One problem with introducing cloudfront has been the cache behavior. My deploy process uses an npm module I wrote  to sync only the files that have changed. I don't go with the default next.js behavior of generating a new directory for javascript files on every build because then every deploy would have to sync every file to s3. I like my deploys to be fast - real fast. The ideal time to deploy is a few seconds at most. I like to do it live as they say.

But with cloudfront in front of s3, if I make changes to a file like /blog/index.html and sync it up to s3, cloudfront is still going to serve the cached version of the file and clients won't see the new version. I decided that my strategy for handling this would be to invalidate the cloudfront cache for the changed files on deploy. AWS says creating invalidations is not as "cost-effective" as using cache-busting urls, but I don't really want to use cache-busting urls and, unless they're charging me a bunch for each invalidation, I can't see the cost difference being noticeable.

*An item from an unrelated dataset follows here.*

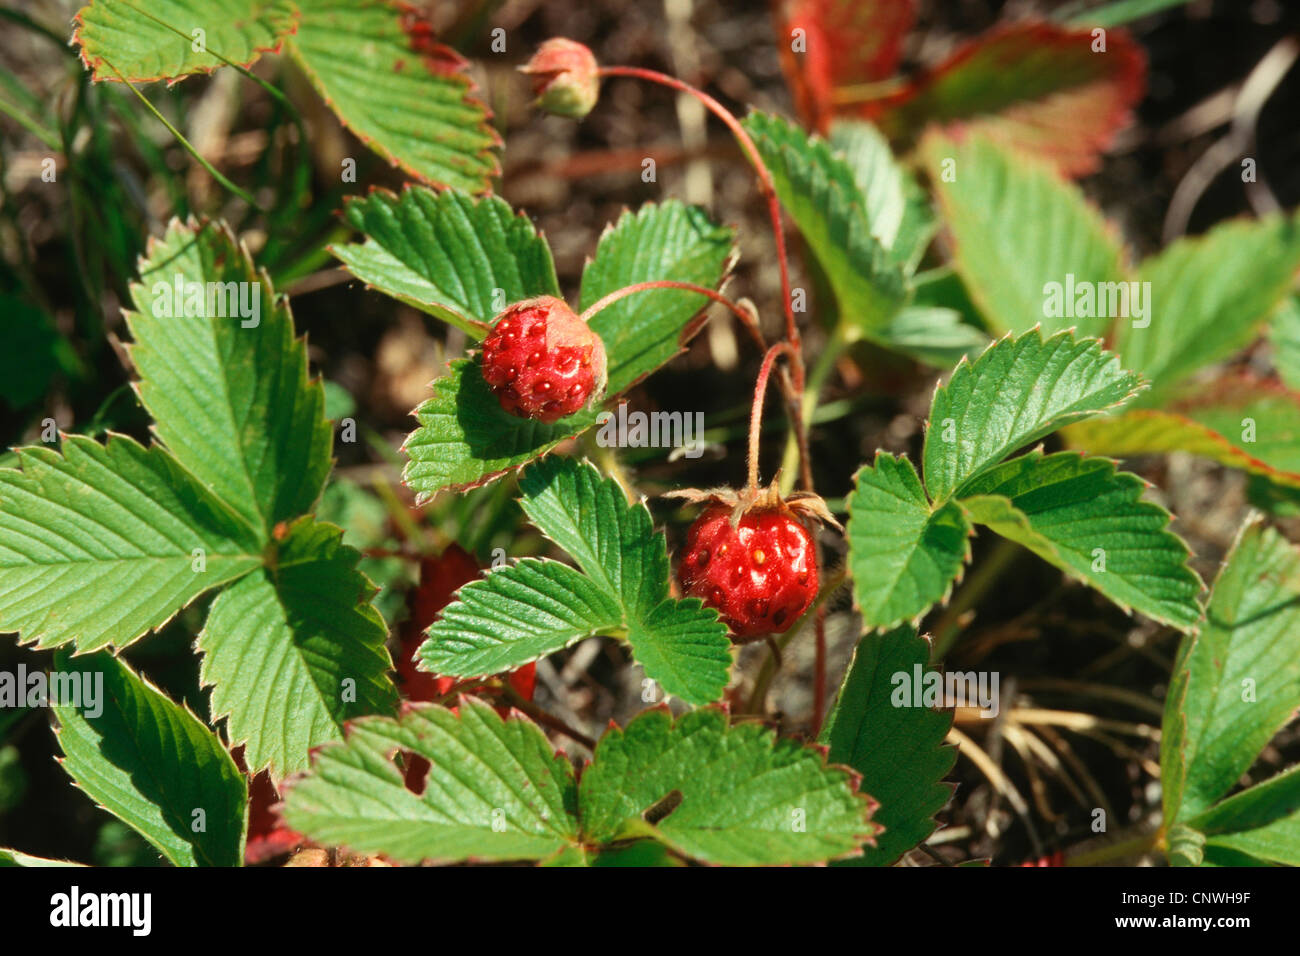 creamy strawberry, wild strawberry (Fragaria viridis), with fruits Stock Photo
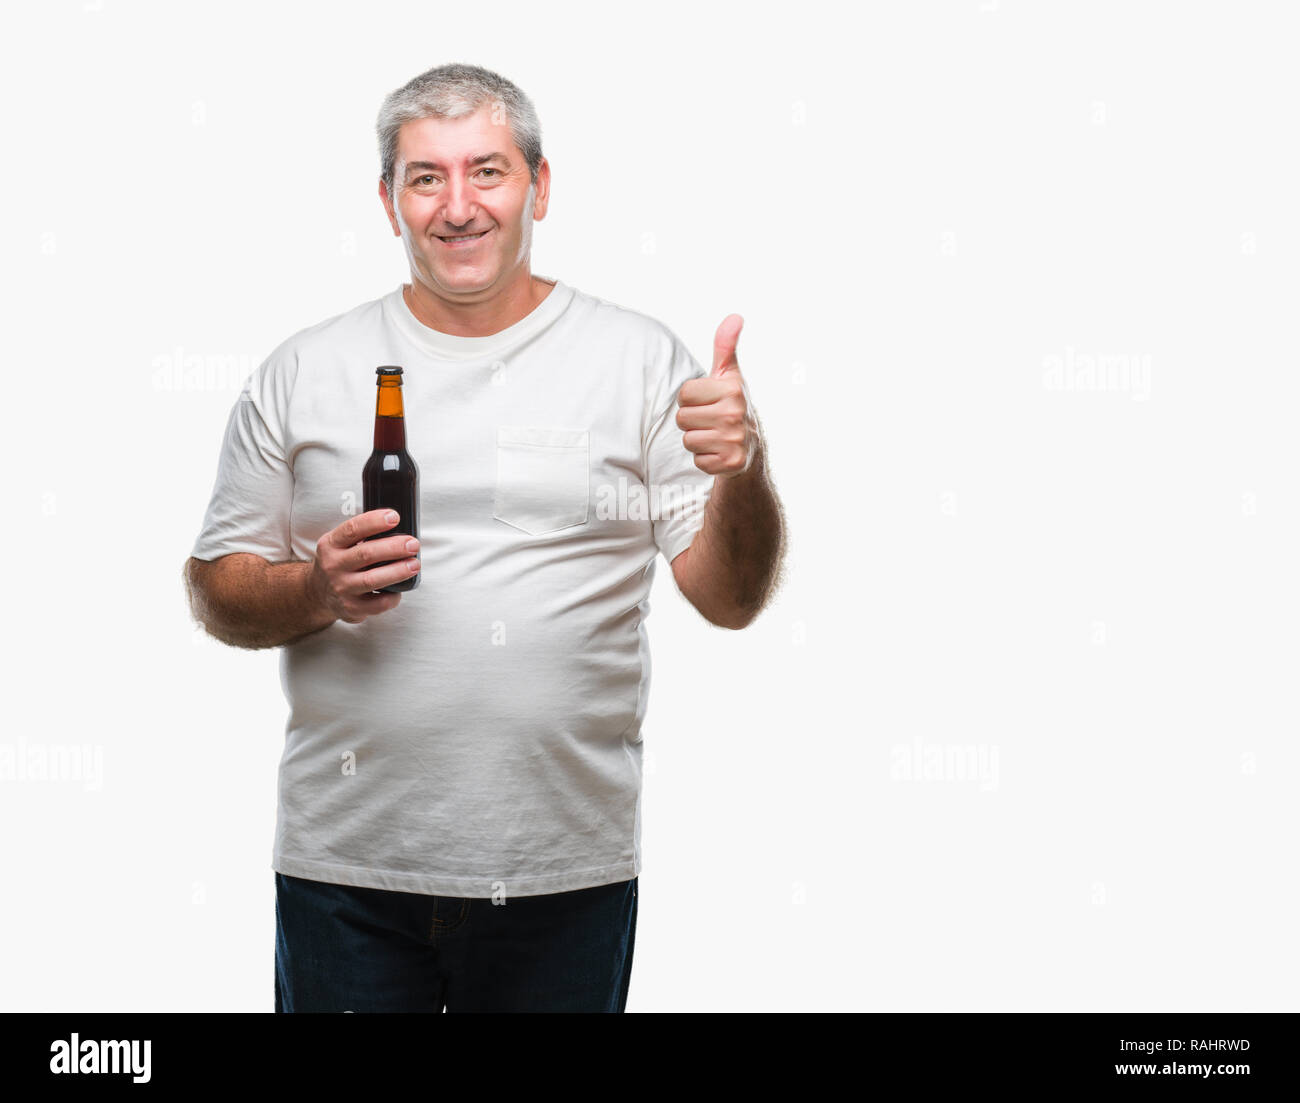 Schöne ältere Menschen trinken Bier Flasche über isolierte Hintergrund mit Lächeln tun ok Zeichen glücklich, Daumen hoch, mit den Fingern, ausgezeichnete Zeichen Stockfoto

I changed my s3-syncing library to return a list of files that were uploaded and deleted so that I could pipe that into cloudfront to invalidate those paths. I put the cloudfront invalidation in a simple script in my website repo:

const AWS = require('aws-sdk');

const canonicalPath = path => path.startsWith('/') ? path : '/' + path;

module.exports = config => {
const distributionId = config.distributionId;
const region = config.region;
const paths = config.paths.map(canonicalPath);
if (paths.length) {
new AWS.CloudFront({ region }).createInvalidation({
DistributionId: distributionId,
InvalidationBatch: {
CallerReference: Date.now().toString(),
Paths: {
Quantity: paths.length,
Items: paths,
}, (err, data) => {
if (err) {
console.log(err, err.stack); // an error occurred
} else {
data.InvalidationBatch.Paths.Items.forEach(path => {
console.log("Triggered cache invalidation for " + path);

Now when I deploy I get helpful output on the uploaded and cache-invalidated files:

Uploaded: private/index.html
Uploaded: _next/static/build-2/pages/_error.js
Uploaded: _next/static/build-2/pages/_app.js
Uploaded: _next/static/build-2/pages/index.js
Uploaded: _next/static/build-2/pages/private.js
Uploaded: _next/static/build-2/pages/the-four-color-theorem.js
Uploaded: _next/static/build-2/pages/blog/ila-react-component-communication.js
Triggered cache invalidation for /_next/static/build-2/pages/private.js
Triggered cache invalidation for /_next/static/build-2/pages/blog/ila-react-component-communication.js
Triggered cache invalidation for /_next/static/build-2/pages/index.js
Triggered cache invalidation for /_next/static/build-2/pages/_app.js
Triggered cache invalidation for /private/
Triggered cache invalidation for /_next/static/build-2/pages/_error.js
Triggered cache invalidation for /_next/static/build-2/pages/the-four-color-theorem.js
Triggered cache invalidation for /private/index.html

And that's it! That's all I have for this week. Thanks for reading.